Sure, we’re happy to shoot them by the hundred. And take a brace at the end of the day. If we don’t eat the game we bring down, there’s simply no justification for the sport. Too often, however, the pheasant has been condemned to chest-freezer Siberia, lonely, lost and unloved. I’m guilty of this myself. A brace of partridge barely makes it to the fridge before being transformed into some fragrant Indian curry. A young grouse is always swiftly roasted. But the pheasant? In culinary terms, this is a bird more sinned against than sinning.

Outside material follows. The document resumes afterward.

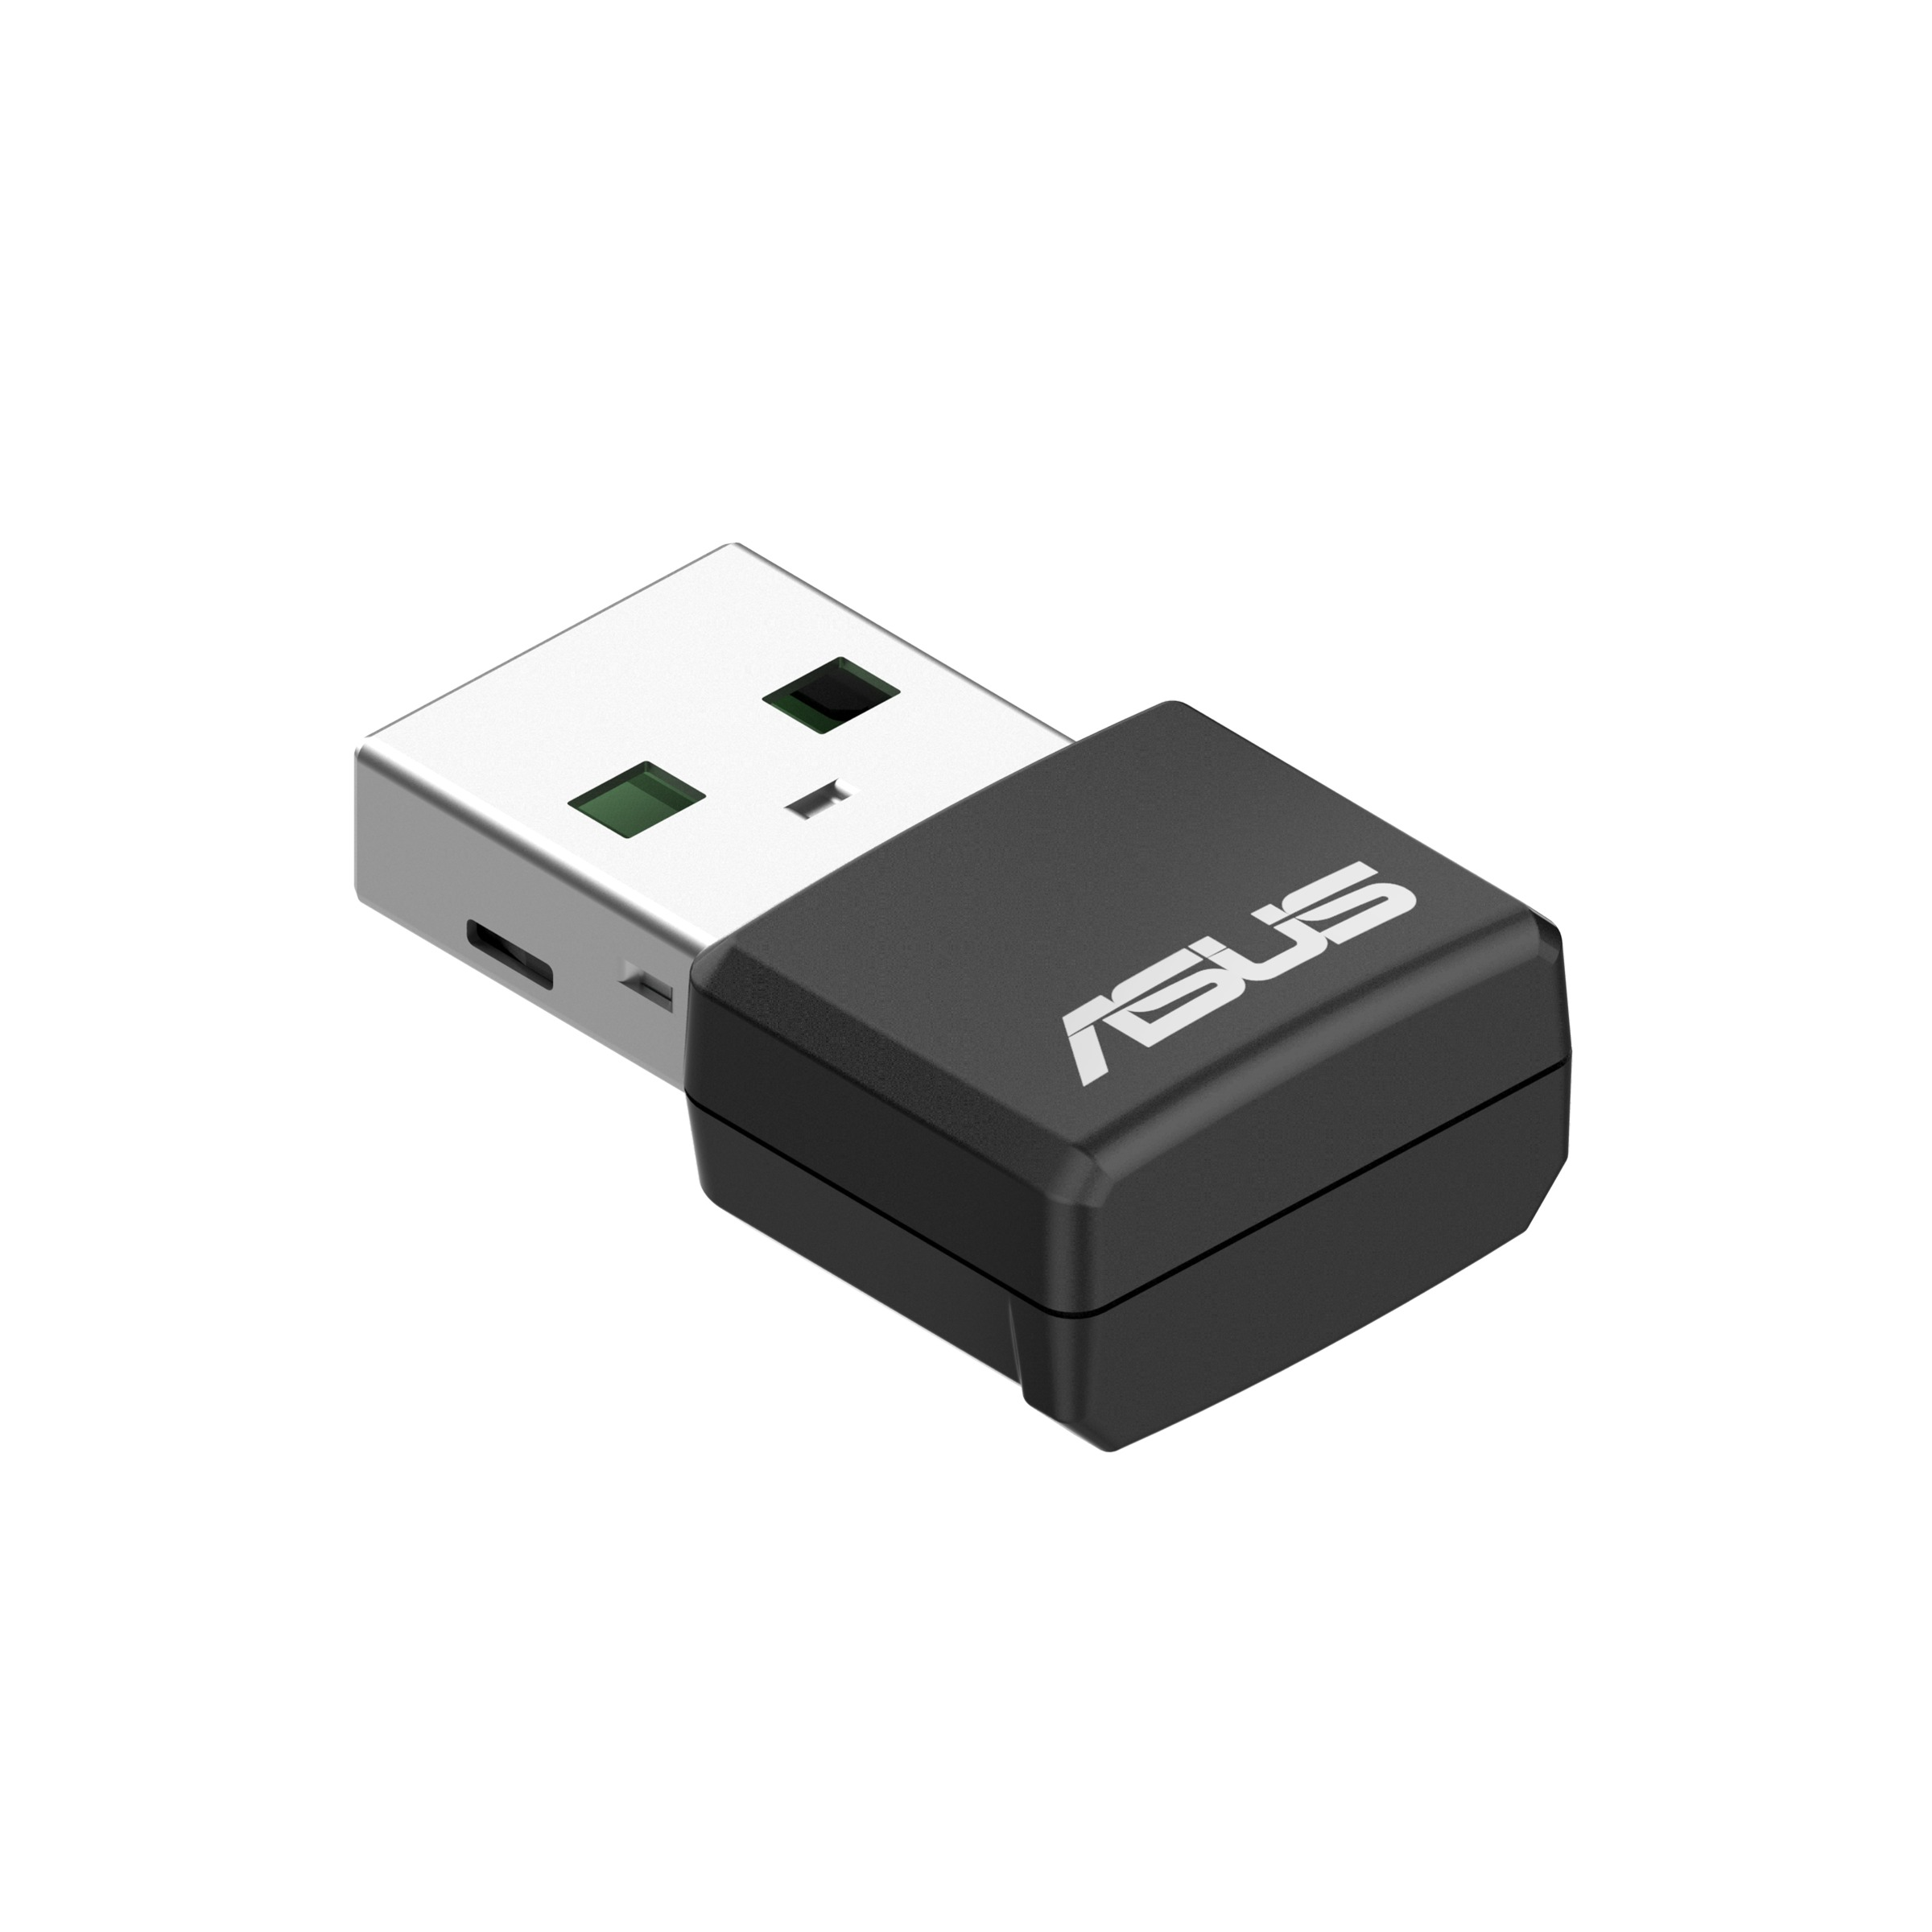 ASUS USB-AX55 Nano Adapter USB 6 AX1800 WiFi

‘The correct cooking of pheasant is of paramount importance,’ declares John Williams, the quietly brilliant executive chef of The Ritz in London. ‘It’s a lean bird and you have to get it just right.’ Under normal circumstances, I’d be at his side, in those vast and gleaming kitchens that stretch out beneath Piccadilly. Today—for obvious reasons—we’re talking by telephone about The Princess Royal’s favourite recipe, devilled pheasant (see box, page 136).
‘It’s a very simple recipe,’ he continues in his soft Geordie burr. ‘Basically, a couple of whole pheasants are poached, then taken off the bone, shredded and kept warm in the poaching juices. You just add freshly whipped cream, left in the fridge for an hour to stiffen, mixed with a good amount of Green Label mango chutney. Ithas to be Sharwood’s Green Label, nothing else. I went out and found that specially.’ Mr Williams may be one of our country’s great chefs, yet it would be a brave man indeed who decided to ‘reinterpret’ a recipe from The Princess Royal. ‘Add in a little Worcestershire sauce, remove the pheasant from its juice, cover with the cream mixture and put it in the oven for 10 minutes to heat through. That’s it, very, very simple, but it tastes great.’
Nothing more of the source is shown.